To specify the nature of these differences, data from the FORWARD and BACKWARD groups were used in pairwise comparisons: these groups had equivalent exposures to A and the reward and equivalent overlap of A and the reward but differed with respect to the predictive value of A. In test performance towards X, animals in the FORWARD group showed higher response probabilities (Fig. 1, P<0.05, χ2=5.14, d.f.=1), longer durations (Fig. 2, P<0.05, U=64), shorter latencies (results not shown; P= 0.05, U=70) and more extensions of the proboscis during a response (results not shown; P<0.05, U=69) than did animals in the BACKWARD group. In addition, a similar pattern emerged when the FORWARD and UNPAIRED groups were compared (response probabilities, Fig. 1, P<0.05, χ2=4.50, d.f.=1; duration, Fig. 2, P>0.05, U=109; latency, results not shown, P>0.05, U=94; number of proboscis extensions, results not shown, P<0.05, U=77.5). ‘Blocking’ would have been indicated by the reverse pattern of results: a lower response probability, a shorter duration, a longer latency and fewer extensions of the proboscis in the FORWARD compared with either the BACKWARD or the UNPAIRED group.

The trend for longer response durations in the PLACEMENT than in the FORWARD group was not significant (Fig. 2, P>0.05, U=111). The same was true for the differences between these two groups for response probability (Fig. 1, P>0.05, χ2=0.11, d.f.=1), latency (results not shown; P>0.05, U=119) and the number of proboscis extensions during a response (results not shown; P>0.05, U=117).
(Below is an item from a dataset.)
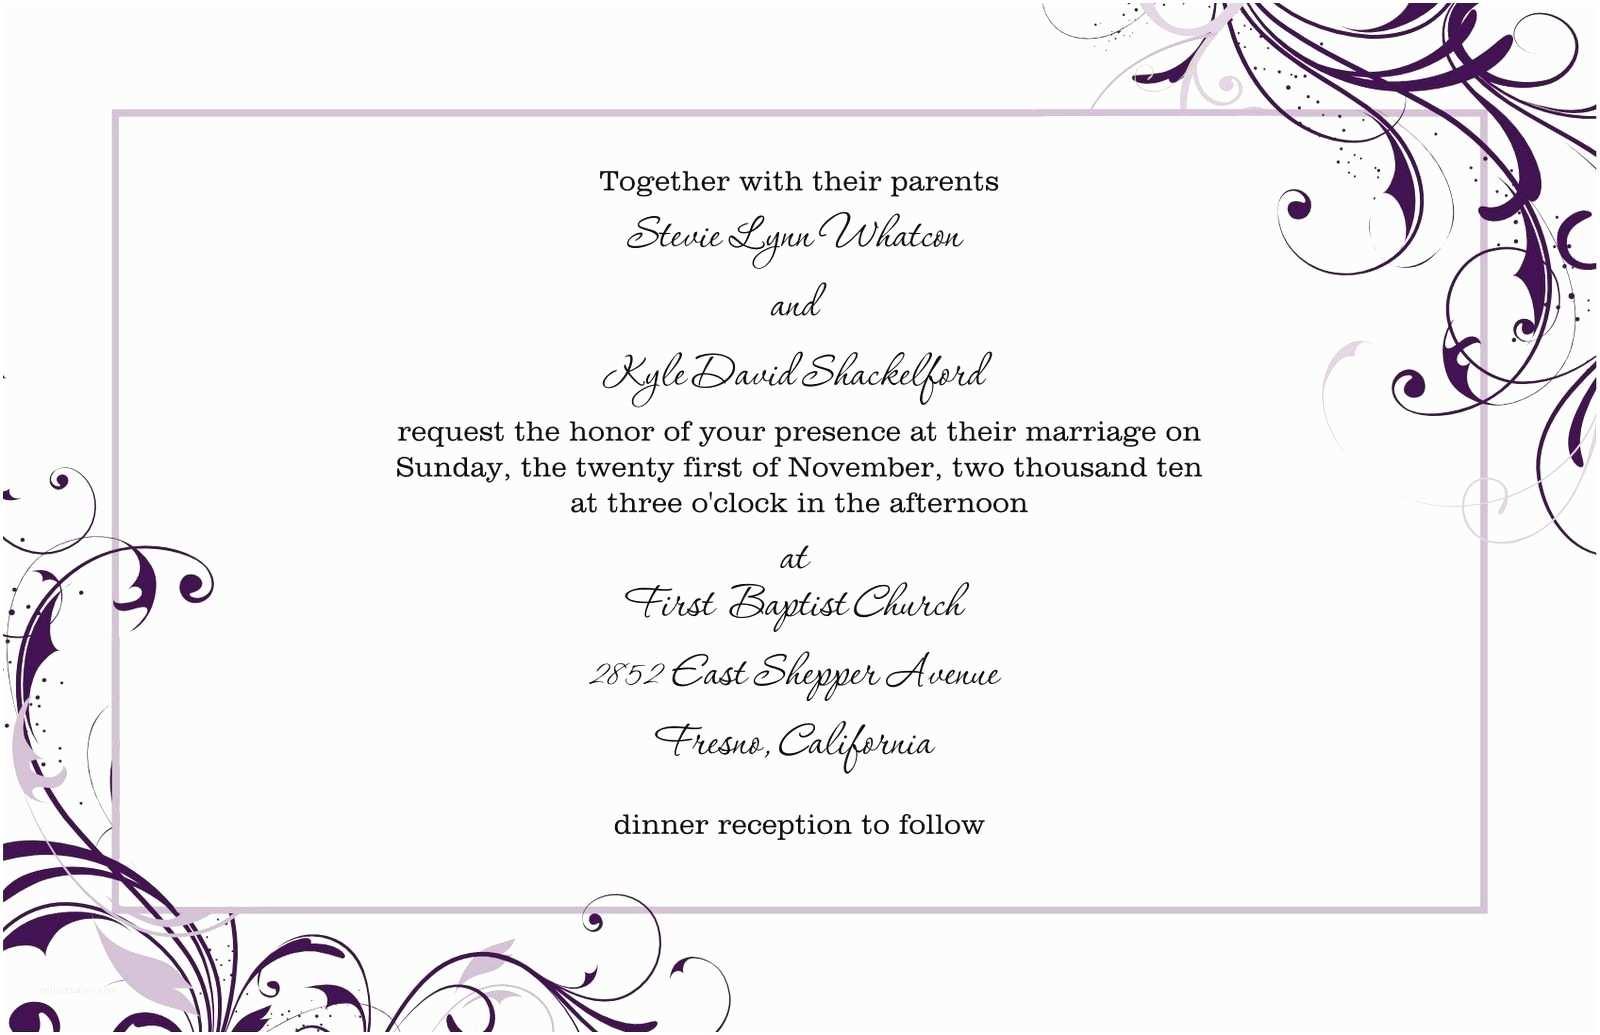 Free Wedding Invitation Templates for Word Free Wedding Invitation Templates for Word

Finally, we compared response levels to the visual stimulus A (Fig. 1). There were no significant effects of training history (Fig. 1, P>0.05, χ2=0.39, d.f.=4). This absence of a conditioned response, however, does not imply that subjects did not establish memories for the visual stimulus, as is demonstrated indirectly by the interactions with subsequent odour learning (test responses, see above) and by the significant effect of visual pretraining on performance during the compound training phase (Fig. 1, P<0.01, H=13.9, d.f.=4).

We have demonstrated behaviourally an interaction between visual and olfactory learning in PER conditioning (Figs 1, 2). First, this shows that harnessed honeybees do learn associatively about visual stimuli. Second, the modulating effect that these visual memories can exert violates predictions of the ‘independence’ assumption, which proposes that there is no interaction between visual and olfactory stimuli (Bitterman, 1996; Couvillon et al. 1997; Funayama et al. 1995).
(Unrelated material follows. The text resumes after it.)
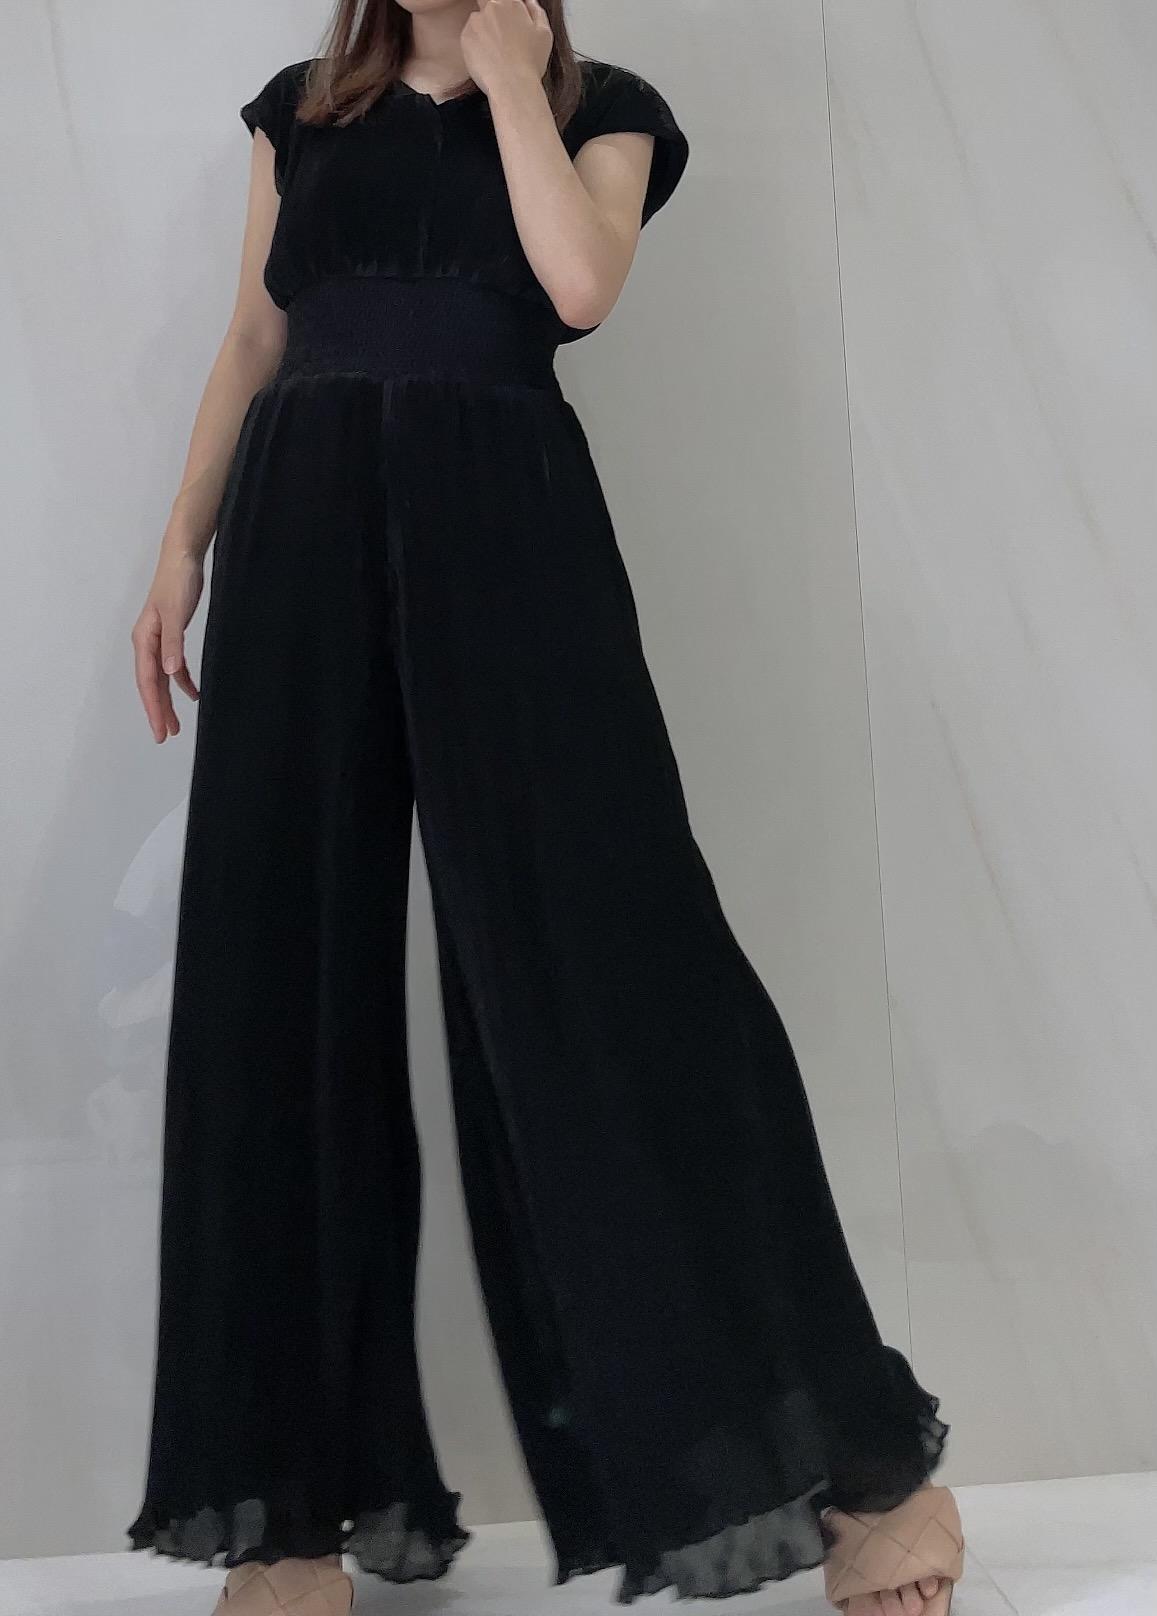 【selva secreta】Pleats ALL IN ONE(black)

What is the nature of these interactions and where might they occur in the honeybee brain? Clearly, the effect of these interactions is quite different from that observed using intra-modality compound stimuli (Couvillon et al. 1997; Smith and Cobey, 1994). For binary odorant mixtures, pretraining with odorant Y blocks learning about odorant Z during subsequent training to the YZ mixture (Smith and Cobey, 1994). In that study, response probabilities to Z in the FORWARD group were lower than in the BACKWARD and UNPAIRED groups. The same result has been reported for olfactory mixture learning in the terrestrial slug Limax maximus (Sahley et al. 1981) and is indeed predicted by most associative learning theories (e.g. Sutton and Barto, 1981; Wagner, 1981). In the present study, using a visual stimulus (A) and an olfactory stimulus (X), however, the pattern of results is reversed (Figs 1, 2): response levels to X in the FORWARD group are higher than in the BACKWARD and UNPAIRED groups. Thus, visual stimuli seem to enhance, rather than to block, olfactory learning.

In terms of learning theory, the lack of an enhancing effect in the BACKWARD and UNPAIRED groups might be due to inhibitory learning during pretraining. Such inhibitory learning has been demonstrated for olfactory PER conditioning (Hellstern et al. 1998; Menzel, 1990). This inhibition could carry over to the olfactory stimulus during compound training, potentially via within-compound associations, which have been demonstrated between visual and olfactory stimuli in freely flying honeybees (Couvillon and Bitterman, 1982).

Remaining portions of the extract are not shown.